Once you find the line below that has "G – Samoan boys", output it and every line after it exactly, stopping after the line that has "Gorgeous Master Bedroom", with no pictures.

Material provided:
>>>

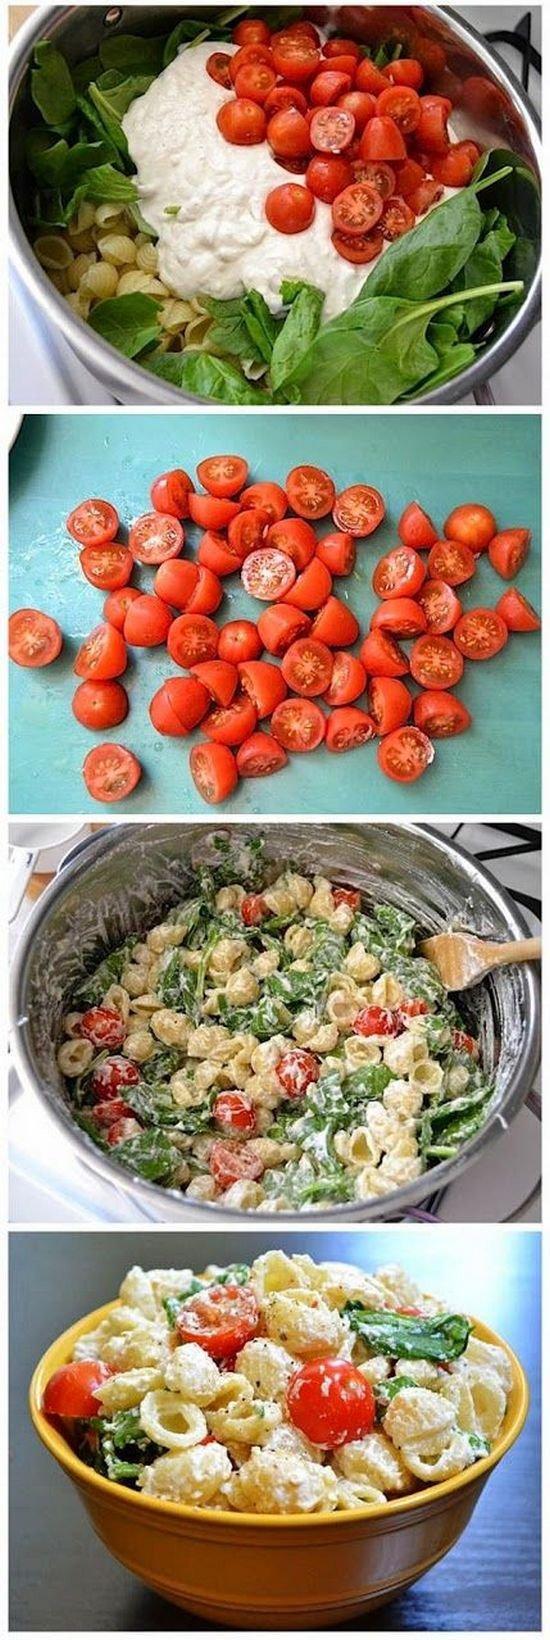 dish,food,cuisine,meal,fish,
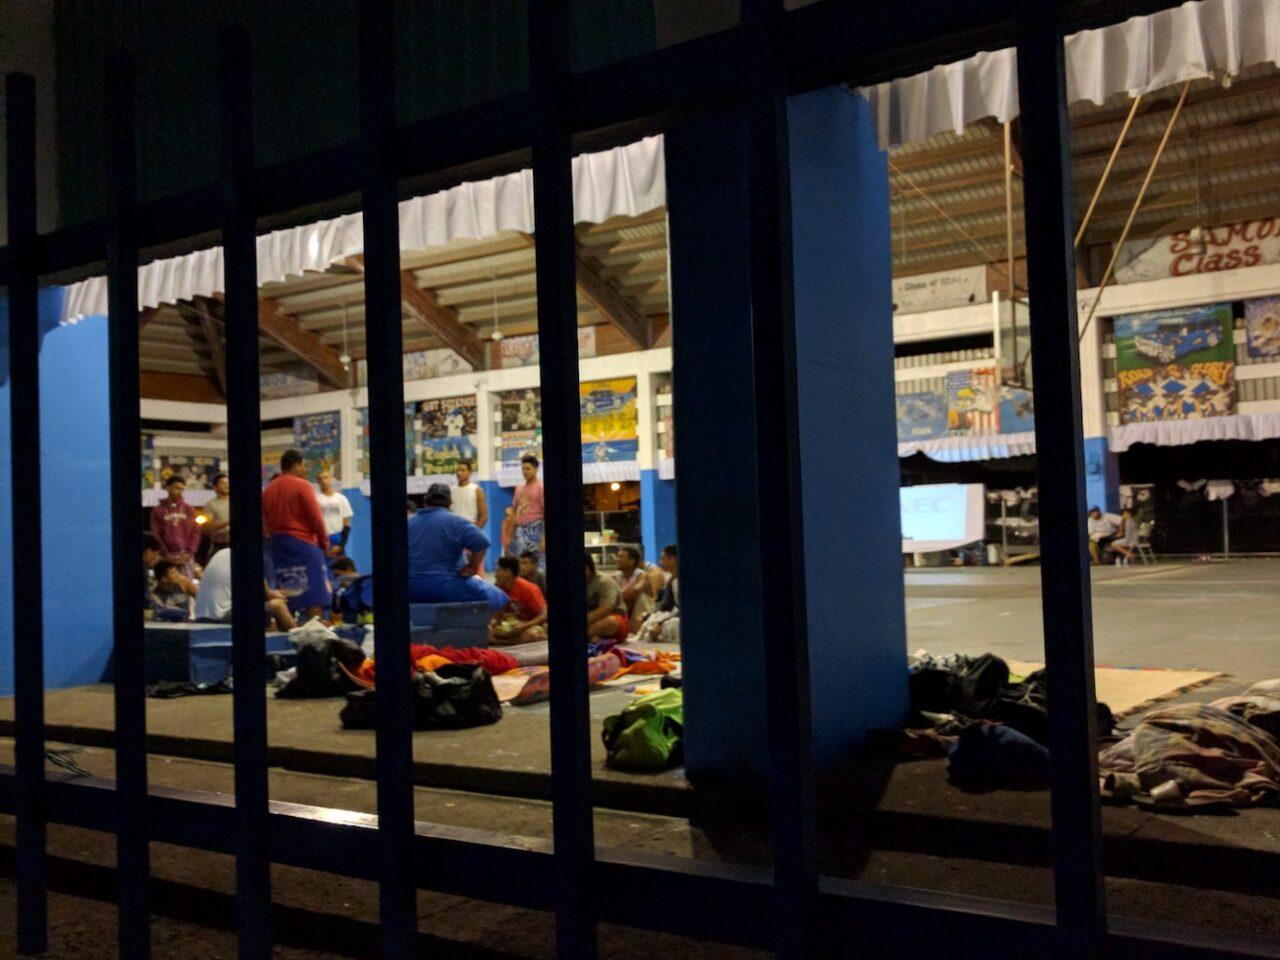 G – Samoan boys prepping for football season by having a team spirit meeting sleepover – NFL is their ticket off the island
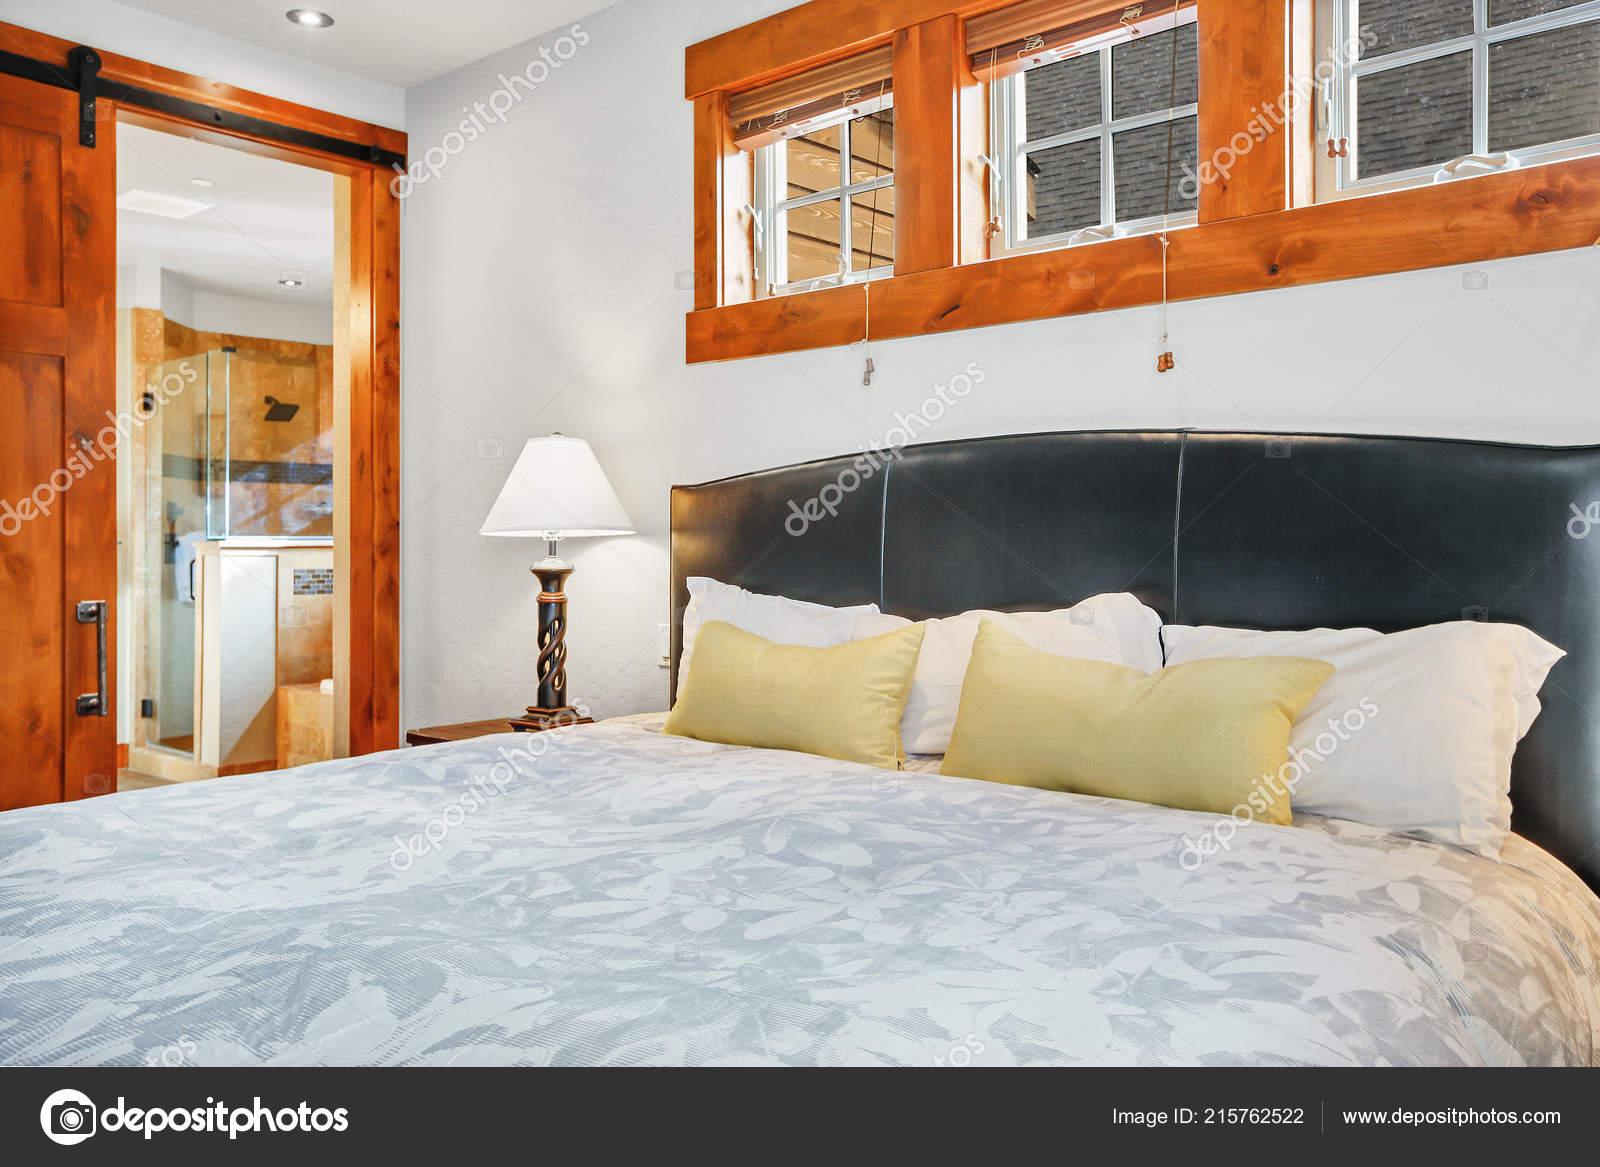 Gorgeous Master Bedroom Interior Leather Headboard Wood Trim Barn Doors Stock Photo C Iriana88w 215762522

<<<
>>>

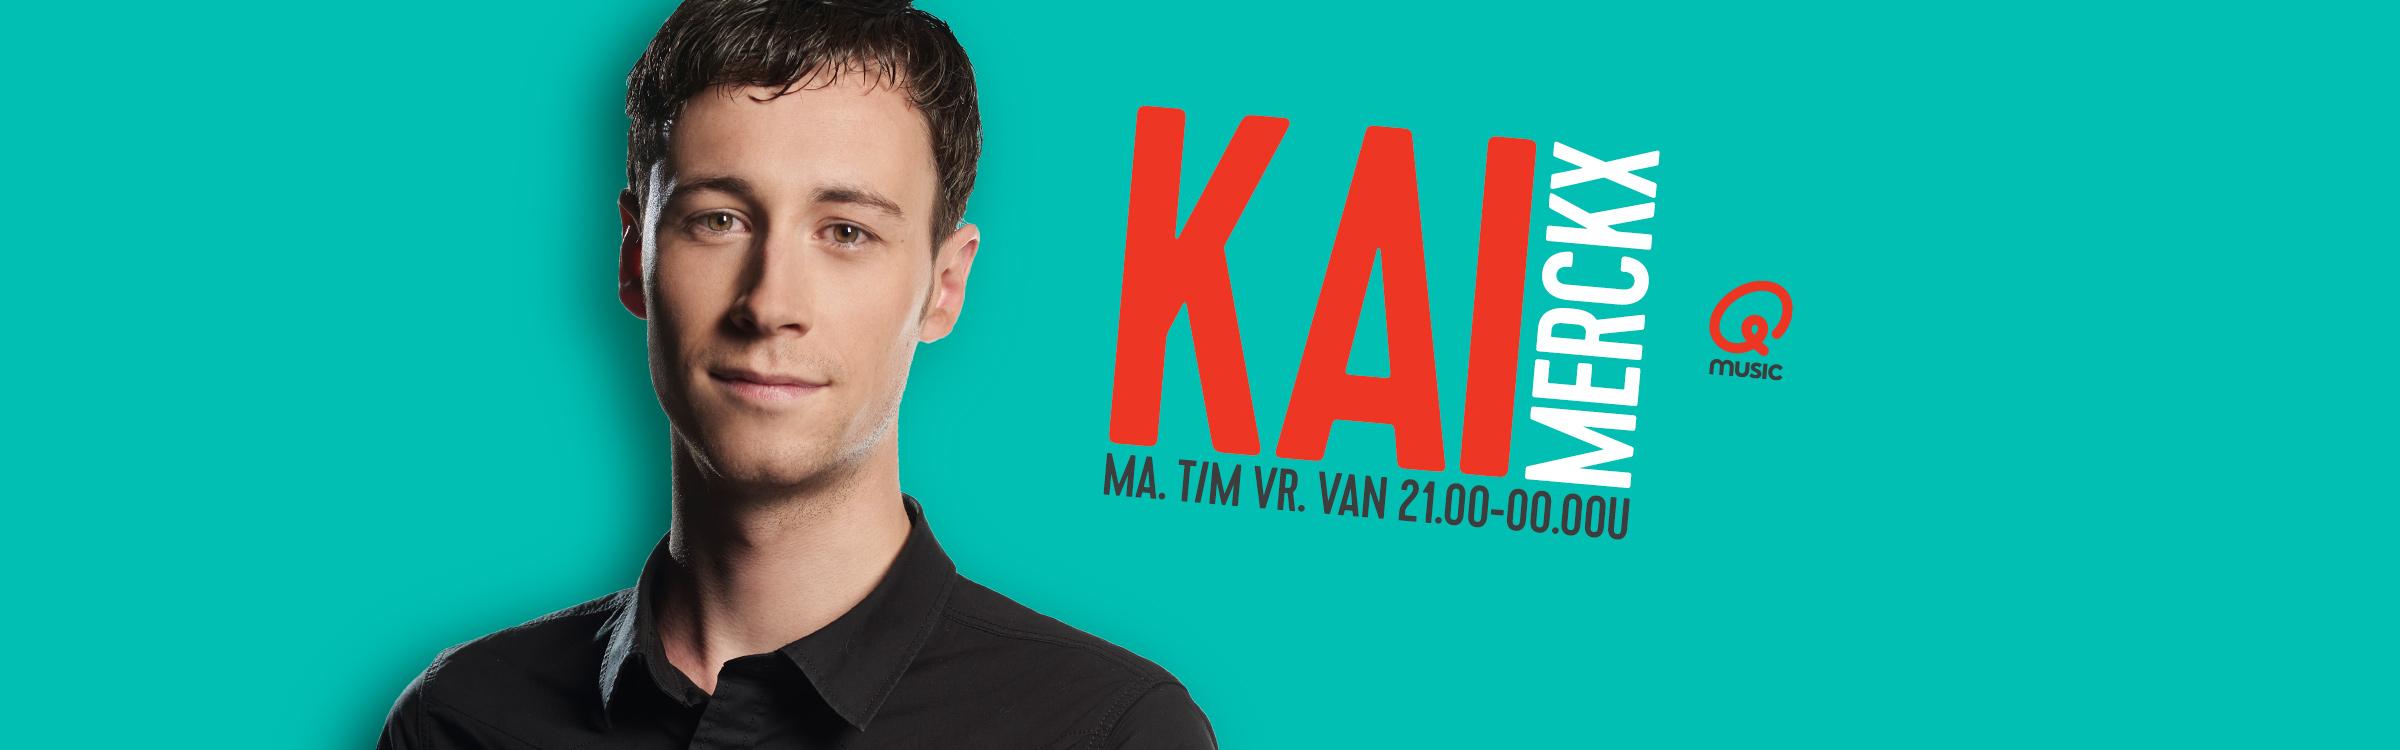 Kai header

<<<

Your solution:
 G – Samoan boys prepping for football season by having a team spirit meeting sleepover – NFL is their ticket off the island
 Gorgeous Master Bedroom Interior Leather Headboard Wood Trim Barn Doors Stock Photo C Iriana88w 215762522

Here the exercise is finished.